_DATA SHOWN_
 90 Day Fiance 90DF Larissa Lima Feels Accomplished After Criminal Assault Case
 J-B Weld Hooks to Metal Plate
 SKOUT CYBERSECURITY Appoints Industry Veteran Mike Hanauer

* * *

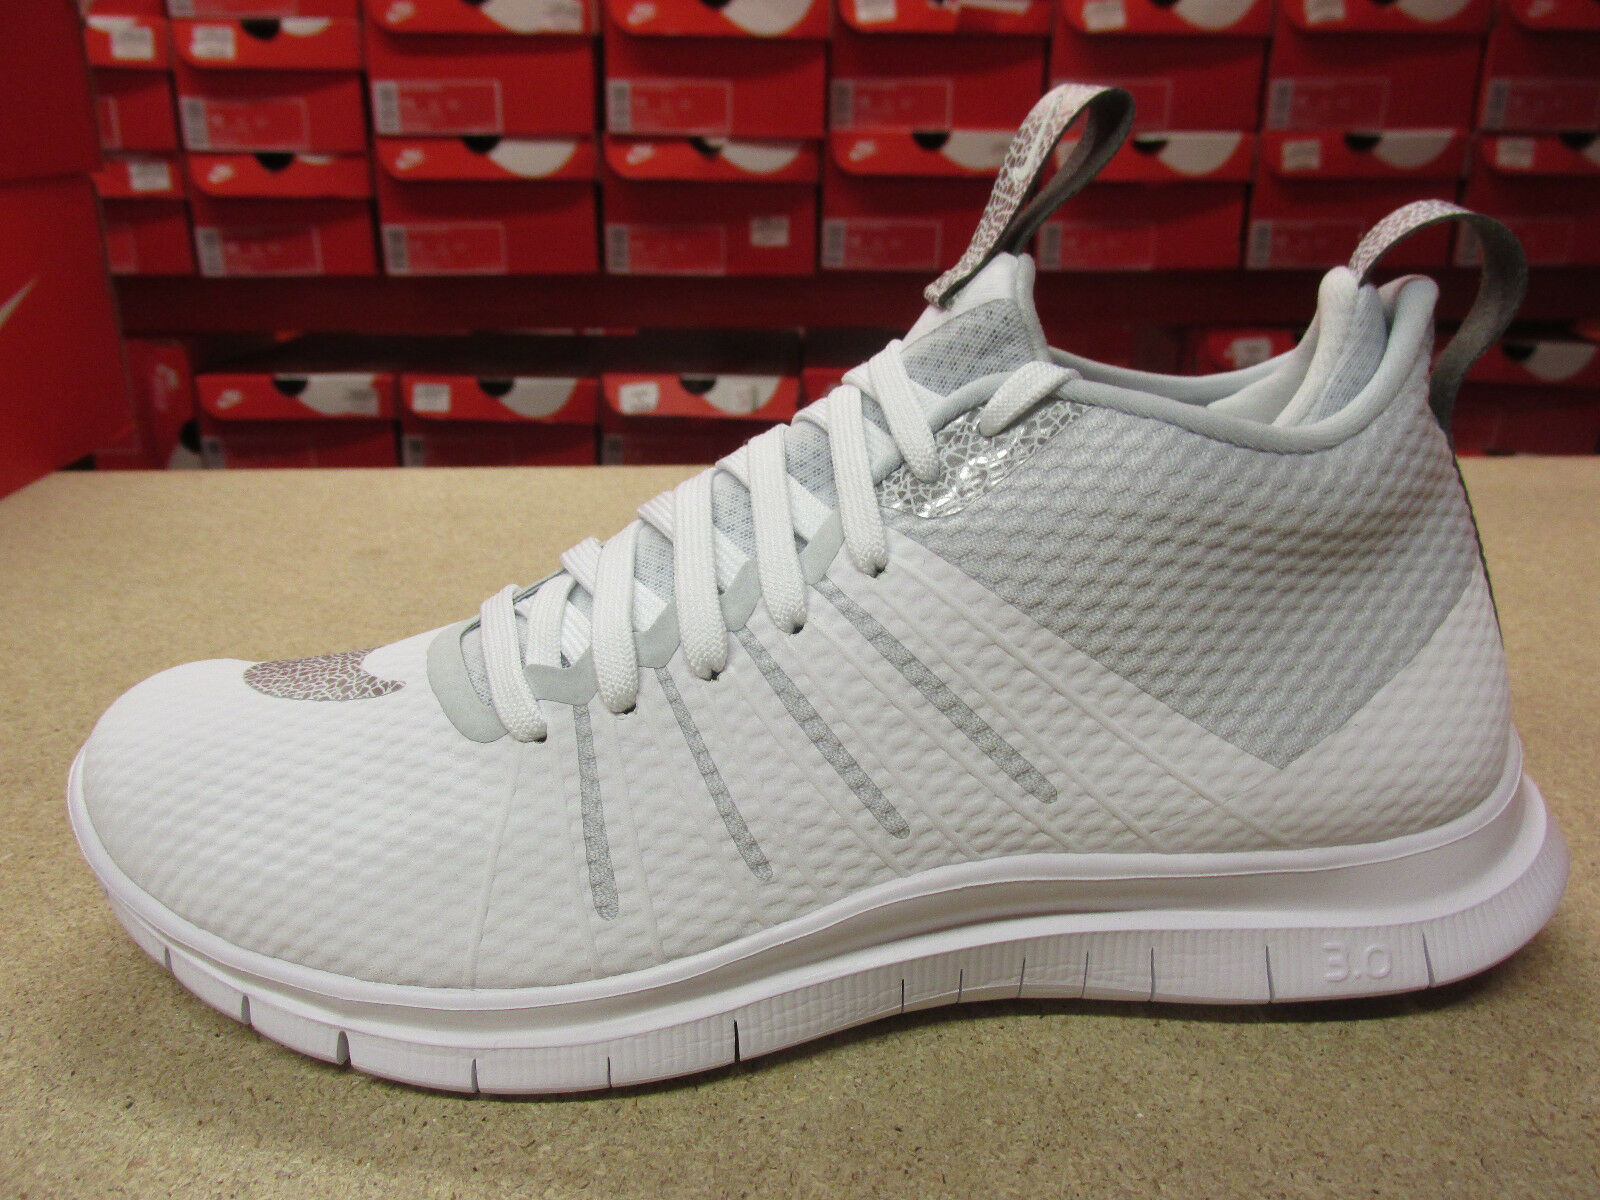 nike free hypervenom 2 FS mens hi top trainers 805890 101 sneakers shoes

_TASK PROMPT_
Print, from the entries above, the line with "90 Day Fiance", the line with "SKOUT CYBERSECURITY Appoints" and all lines between them, exactly and with nothing else.

_RESPONSE TO THE TASK_
 90 Day Fiance 90DF Larissa Lima Feels Accomplished After Criminal Assault Case
 J-B Weld Hooks to Metal Plate
 SKOUT CYBERSECURITY Appoints Industry Veteran Mike Hanauer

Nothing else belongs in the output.